I used strace
to attach to a process briefly. The process created 90 threads. When I found the offending thread, I had to tediously search for the parent thread, then the grandparent thread, and so on all the way to the root process.
Is there a trick or tool to quickly figure out which thread created another? Or better yet, print the tree of thread creations like pstree
?
strace -f
to trace child process that's fork()
ed.
There is a perl script called strace-graph
. Here is a version from github. It is packaged with crosstool-ng versions of compilers.
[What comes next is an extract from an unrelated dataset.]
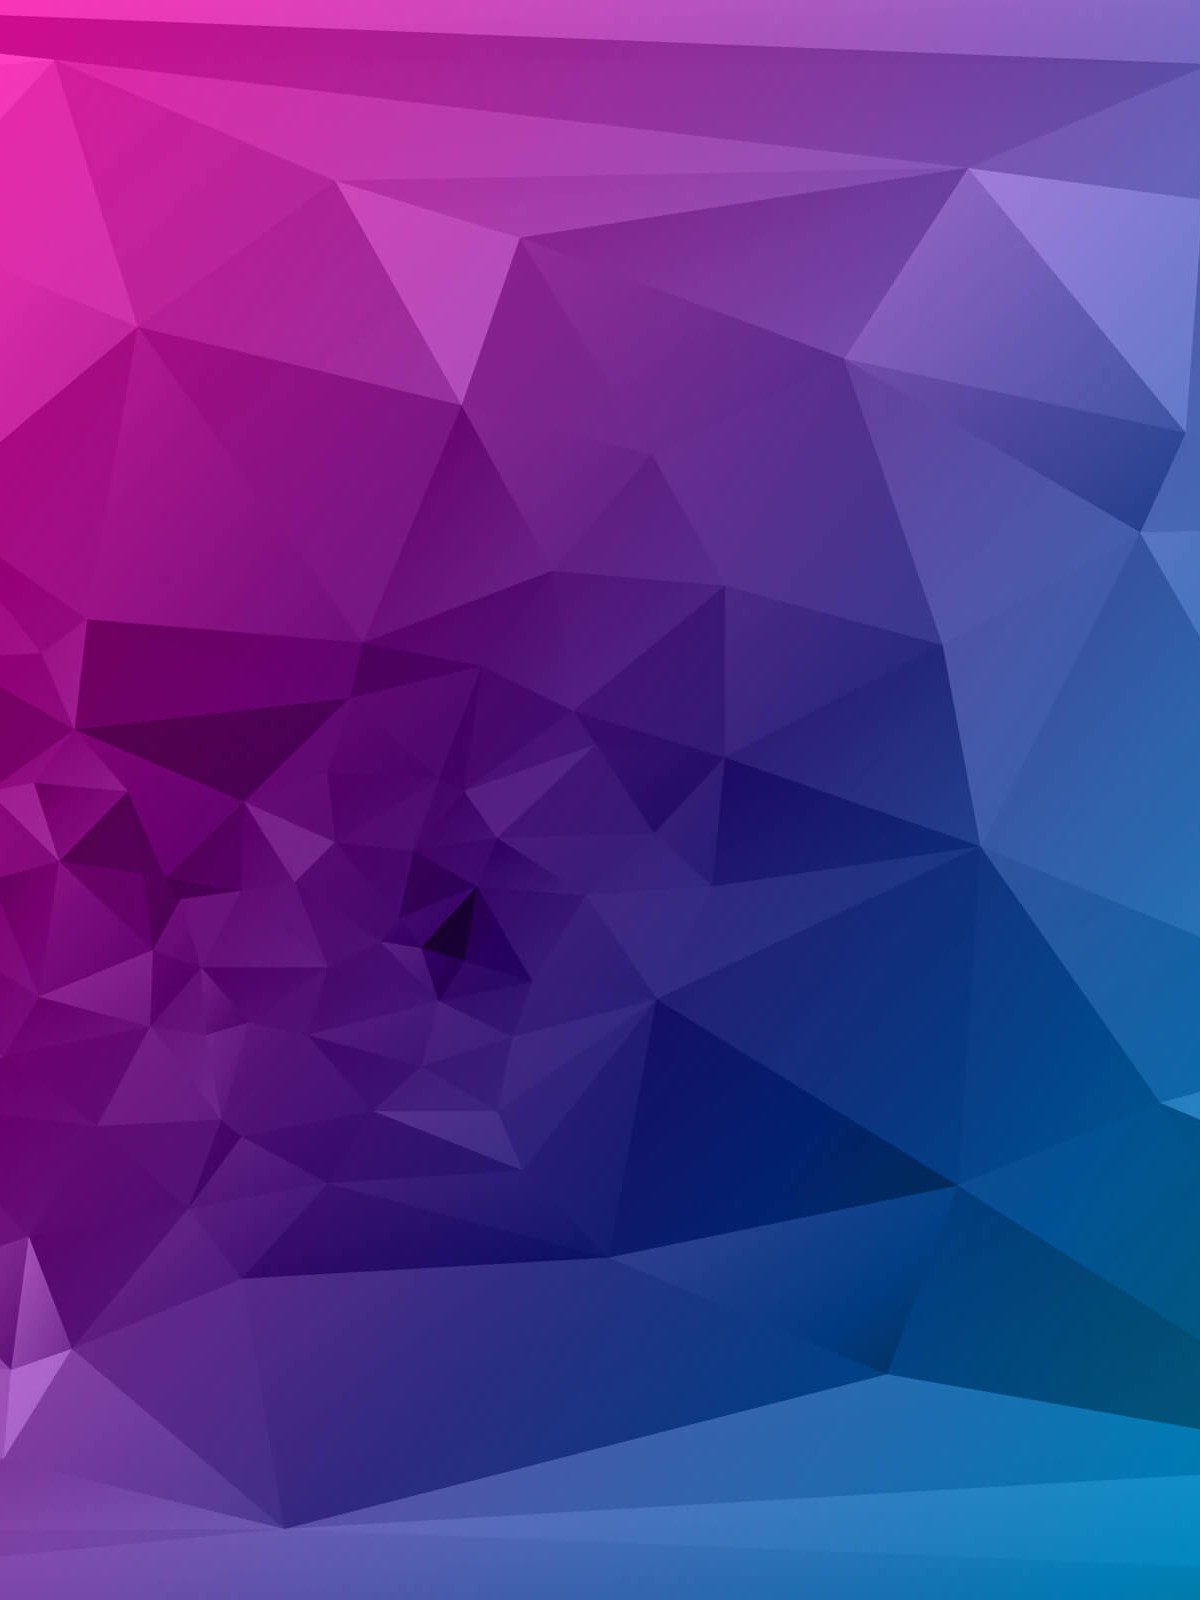 Purple Polygonal Background Wallpaper For Kindle Fire HDx Jpg

It works for me even used cross platform.
ARM Linux box.
$ ./strace -f -q -s 100 -o app.trc -p 449
$ tftp -pr app.trc 172.0.0.133
X86_64 Linux box.
$ ./strace-graph /srv/tftp/app.trc
(anon)
+-- touch /tmp/ppp.sleep
+-- killall -HUP pppd
+-- amixer set Speaker 70%
+-- amixer set Speaker 70%
+-- amixer set Speaker 70%
+-- amixer set Speaker 70%
+-- amixer set Speaker 50%
+-- amixer set Speaker 70%
`-- amixer set Speaker 50%
The output can be used to help navigate the main trace log.
I can't see an easy way:
You could use the -ff
option with -o filename
to produce multiple files (one per pid).
eg:
strace -o process_dump -ff ./executable
grep clone process_dump*
that would help you see which parent created what. Maybe that would help you - at least then you could search backwards.